FIGURE 1.10: Example of a discrete bivariate distribution. In these data, in every trial, two pieces of information were collected: Likert responses and yes-no question responses. The random variable X represents Likert scale responses on a scale of 1-7. and the random variable Y represents 0, 1 (incorrect, correct) responses to comprehension questions.

One can also display the figure as a table.

probs <- attr(f, "p")
t(probs)
##      [,1]    [,2]    [,3]    [,4]    [,5]    [,6]
## 0 0.01792 0.02328 0.04004 0.04306 0.06331 0.04888
## 1 0.03119 0.05331 0.08566 0.09637 0.14688 0.15317
##      [,7]
## 0 0.05493
## 1 0.14199

For each possible value of X and Y, we have a joint probability. Given such a bivariate distribution, there are two useful quantities we can compute: the marginal distributions (\(p_{X}\) and \(p_Y\)), and the conditional distributions (\(p_{X|Y}\) and \(p_{Y|X}\)).
The table below shows the joint probability mass function \(p_{X,Y}(x,y)\).

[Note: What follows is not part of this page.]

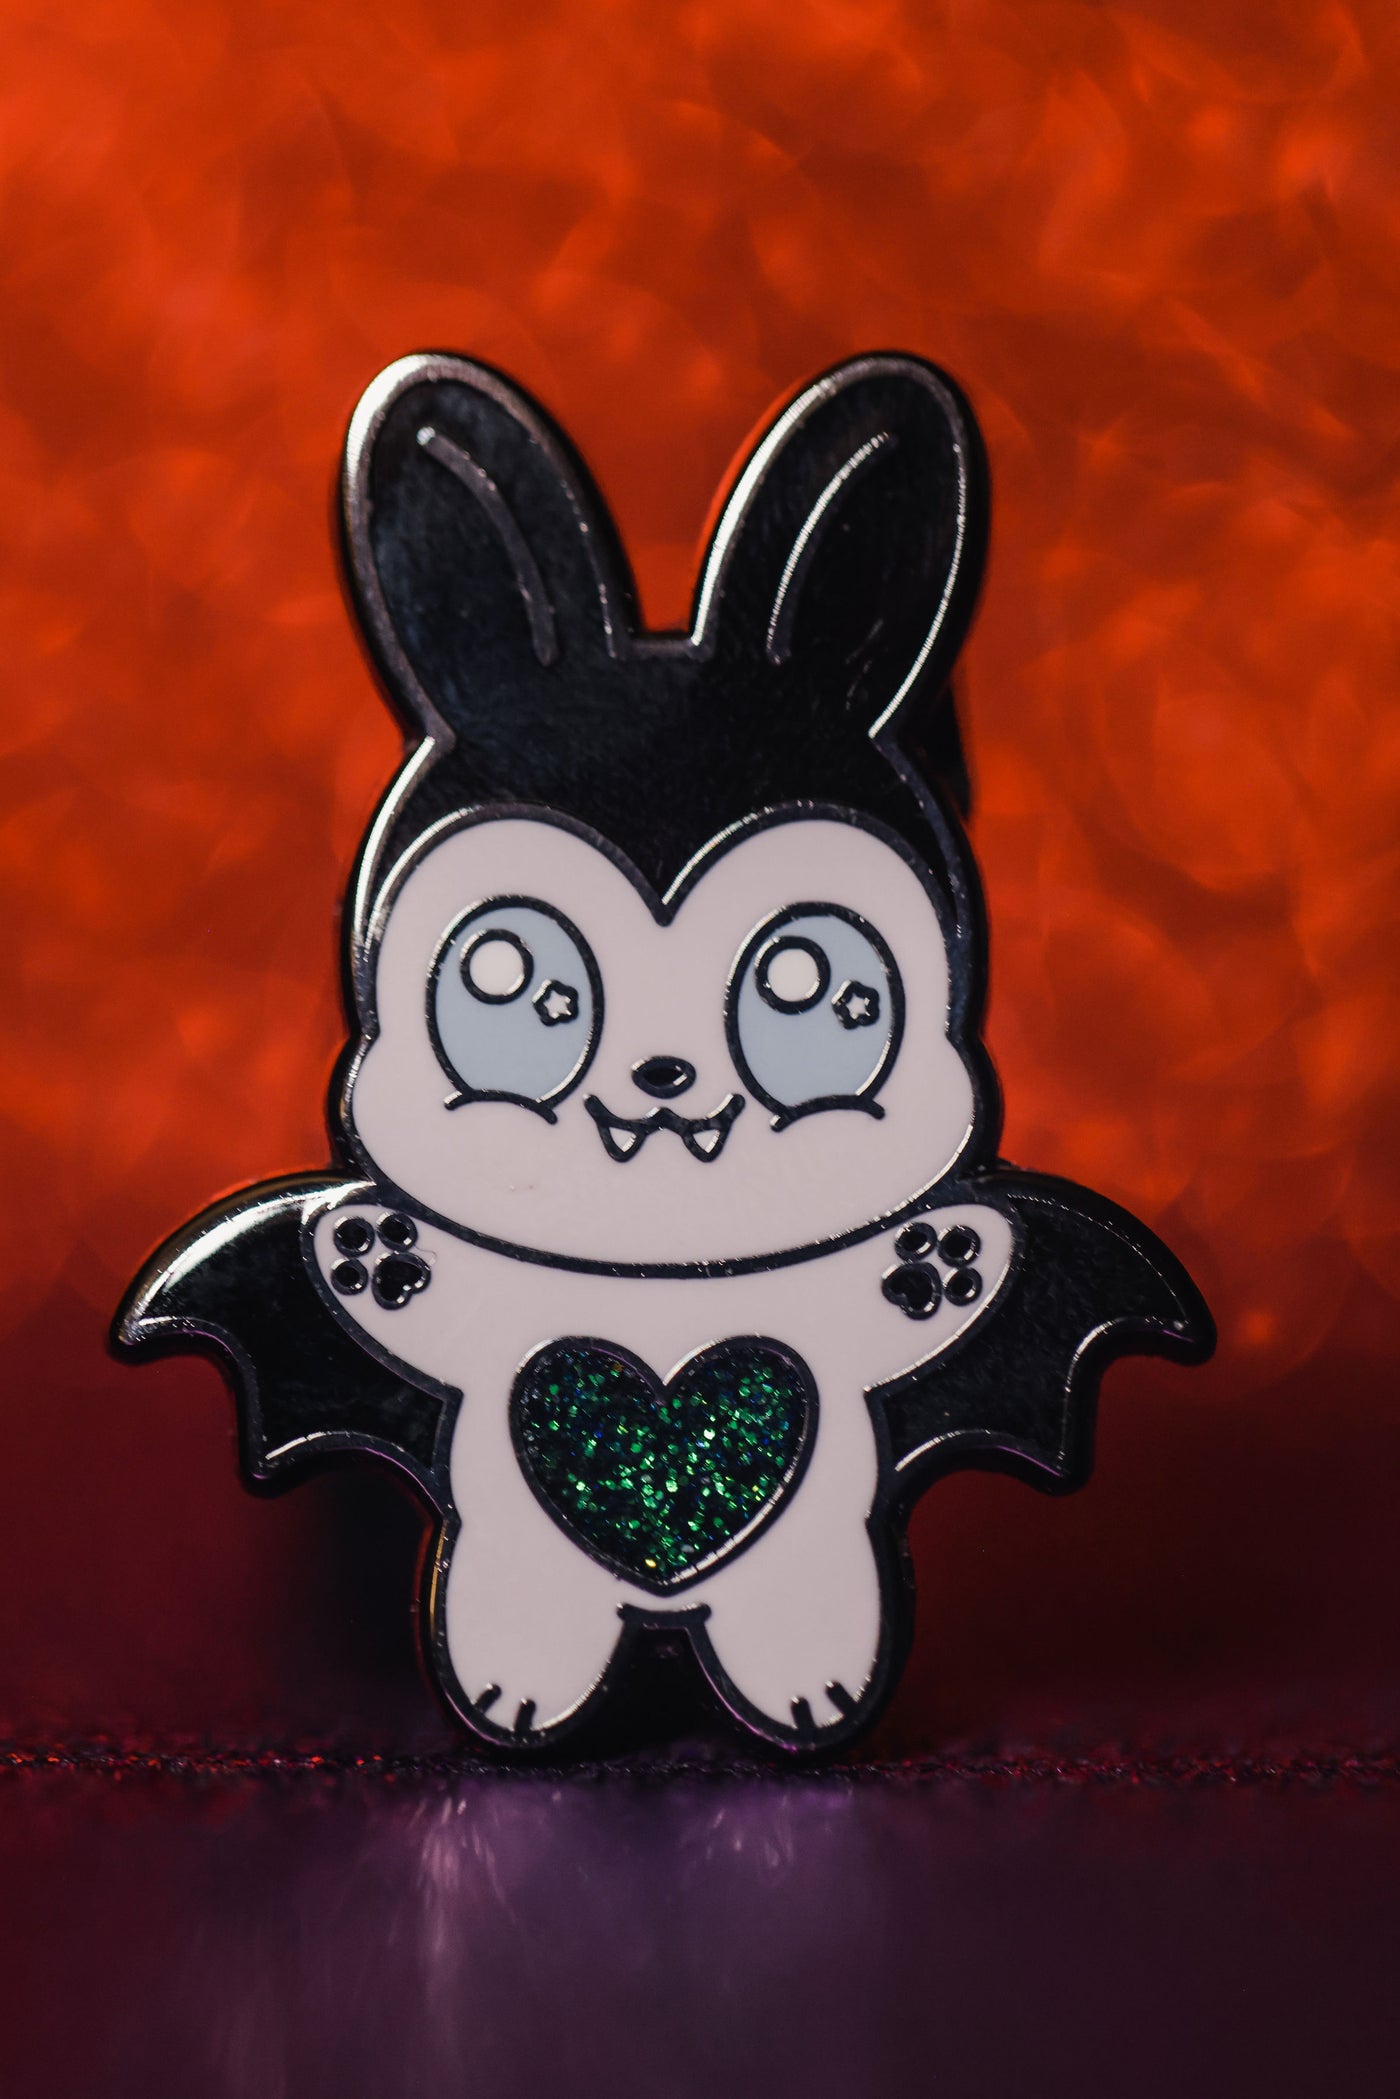 Cry Baby Bunny Enamel Pin - Spooky and Kawaii Bunnies Collection

The marginal distribution \(p_Y\) is defined as follows. \(S_{X}\) is the support of X, i.e., all the possible values of X.

\[\begin{equation} p_{Y}(y)=\sum_{x\in S_{X}}p_{X,Y}(x,y).\label{eq-marginal-pmf} \end{equation}\]

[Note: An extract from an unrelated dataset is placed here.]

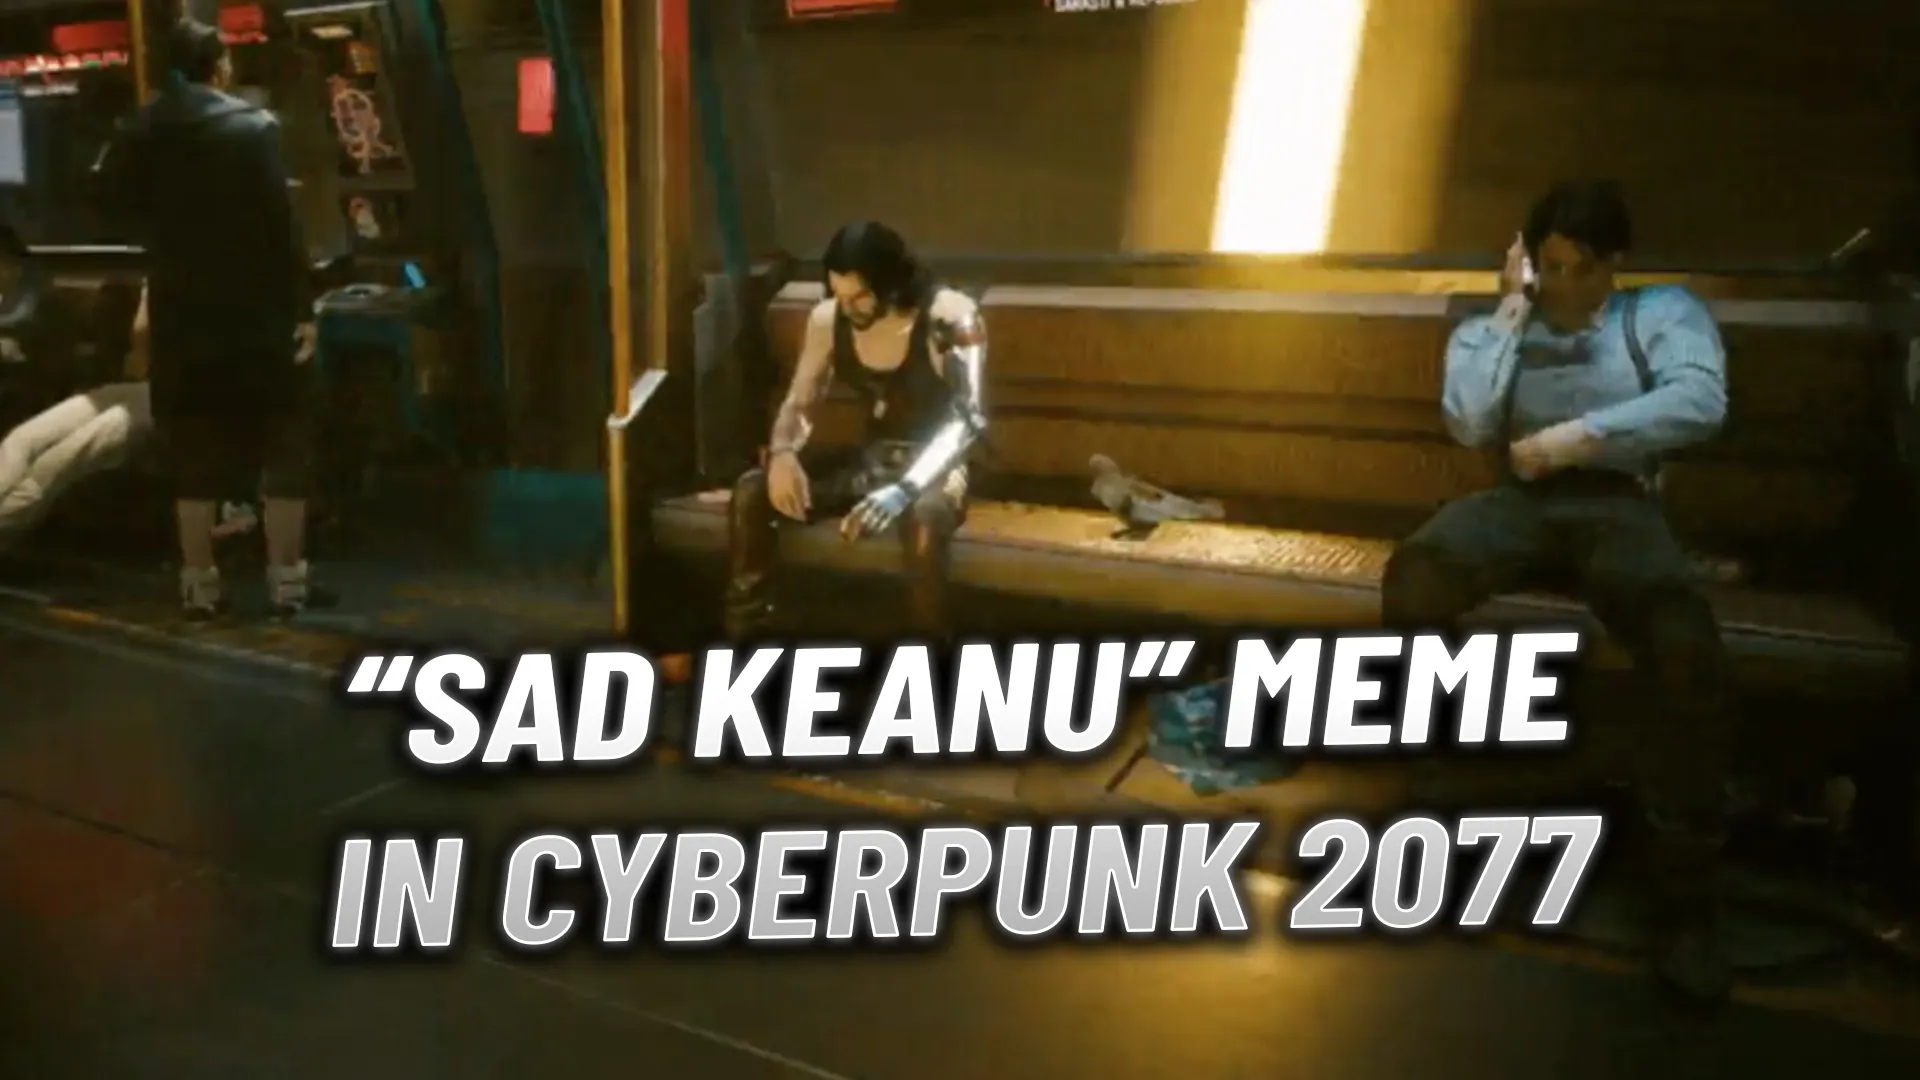 Cyberpunk 2077 Update 2.1 Added The 'Sad Keanu' Meme To The Game

Similarly, the marginal distribution \(p_X\) is defined as:

\[\begin{equation} p_{X}(x)=\sum_{y\in S_{Y}}p_{X,Y}(x,y).\label{eq-marginal-pmf2} \end{equation}\]

\(p_Y\) is easily computed, by summing up the values in each row; and \(p_X\) by summing up the values in each column. You can see why this is called the marginal distribution; the result appears in the margins of the table.

# P(Y)
(PY <- rowSums(t(probs)))
##      0      1 
## 0.2914 0.7086
sum(PY) ## sums to 1
## [1] 1
# P(X)
(PX <- colSums(t(probs)))
## [1] 0.04912 0.07658 0.12570 0.13943 0.21020 0.20205
## [7] 0.19693
sum(PX) ## sums to 1
## [1] 1

The marginal probabilities sum to 1, as they should. The table below shows the marginal probabilities.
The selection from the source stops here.